Question

The current in a wire varies with time according to the relation $i = 4t + 3t^2$. [here t is in seconds and i is in amperes]. How much charge passes through a cross-section of the wire in the time interval between $t = 5s$ and $t = 10s$?

• A. 1200 C
• B. 875 C
• C. 200 C
• D. 1025 C

Answer 1

Answer: (D)

1025 C

Answer 2

The problem asks to calculate the total charge passing through a cross-section of a wire when the current varies with time according to the relation $i = 4t + 3t^2$. The time interval given is from $t = 5s$ to $t = 10s$.

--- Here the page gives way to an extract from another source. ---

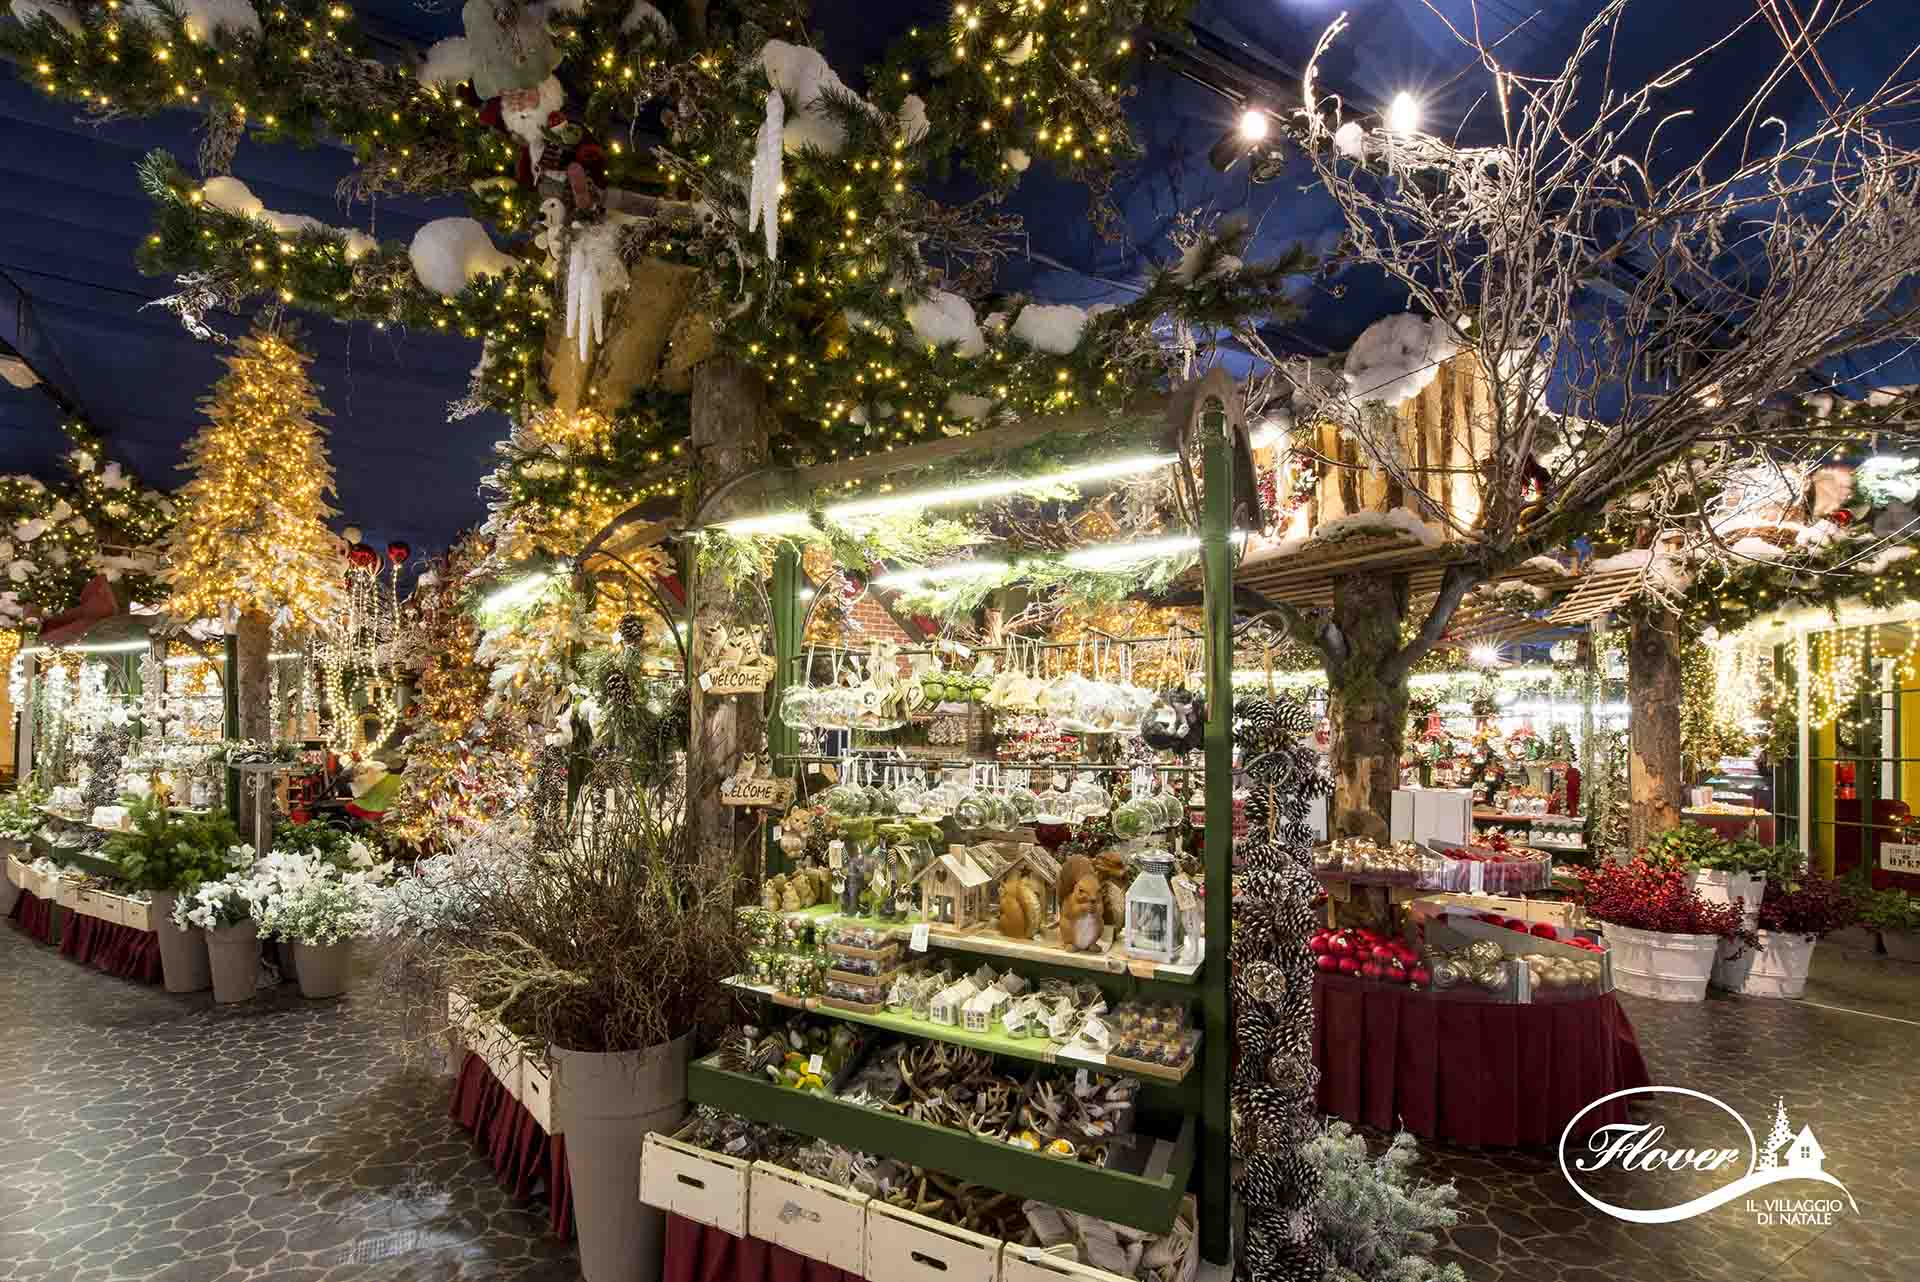 Villaggio Di Natale Bussolengo Immagini.Villaggio Di Natale Flover 2017 Carnet Verona Carnet Verona

The relationship between current ($i$), charge ($q$), and time ($t$) is given by: $i = \frac{dq}{dt}$

To find the total charge ($Q$) that passes through the cross-section in a given time interval, we need to integrate the current with respect to time over that interval: $dq = i \ dt$ Integrating both sides from $t_1 = 5s$ to $t_2 = 10s$: $Q = \int_{t_1}^{t_2} i \ dt$

Substitute the given expression for $i$: $Q = \int_{5}^{10} (4t + 3t^2) \ dt$

Now, perform the integration: $\int (4t + 3t^2) \ dt = 4 \int t \ dt + 3 \int t^2 \ dt$ $= 4 \left( \frac{t^2}{2} \right) + 3 \left( \frac{t^3}{3} \right)$ $= 2t^2 + t^3$

Now, evaluate the definite integral using the limits from $t=5$ to $t=10$: $Q = [2t^2 + t^3]_{5}^{10}$ $Q = (2(10)^2 + (10)^3) - (2(5)^2 + (5)^3)$

Calculate the value at the upper limit ($t=10$): $2(10)^2 + (10)^3 = 2(100) + 1000 = 200 + 1000 = 1200$

Calculate the value at the lower limit ($t=5$): $2(5)^2 + (5)^3 = 2(25) + 125 = 50 + 125 = 175$

Subtract the value at the lower limit from the value at the upper limit: $Q = 1200 - 175$ $Q = 1025 \text{ C}$

The total charge that passes through the cross-section of the wire in the given time interval is 1025 C.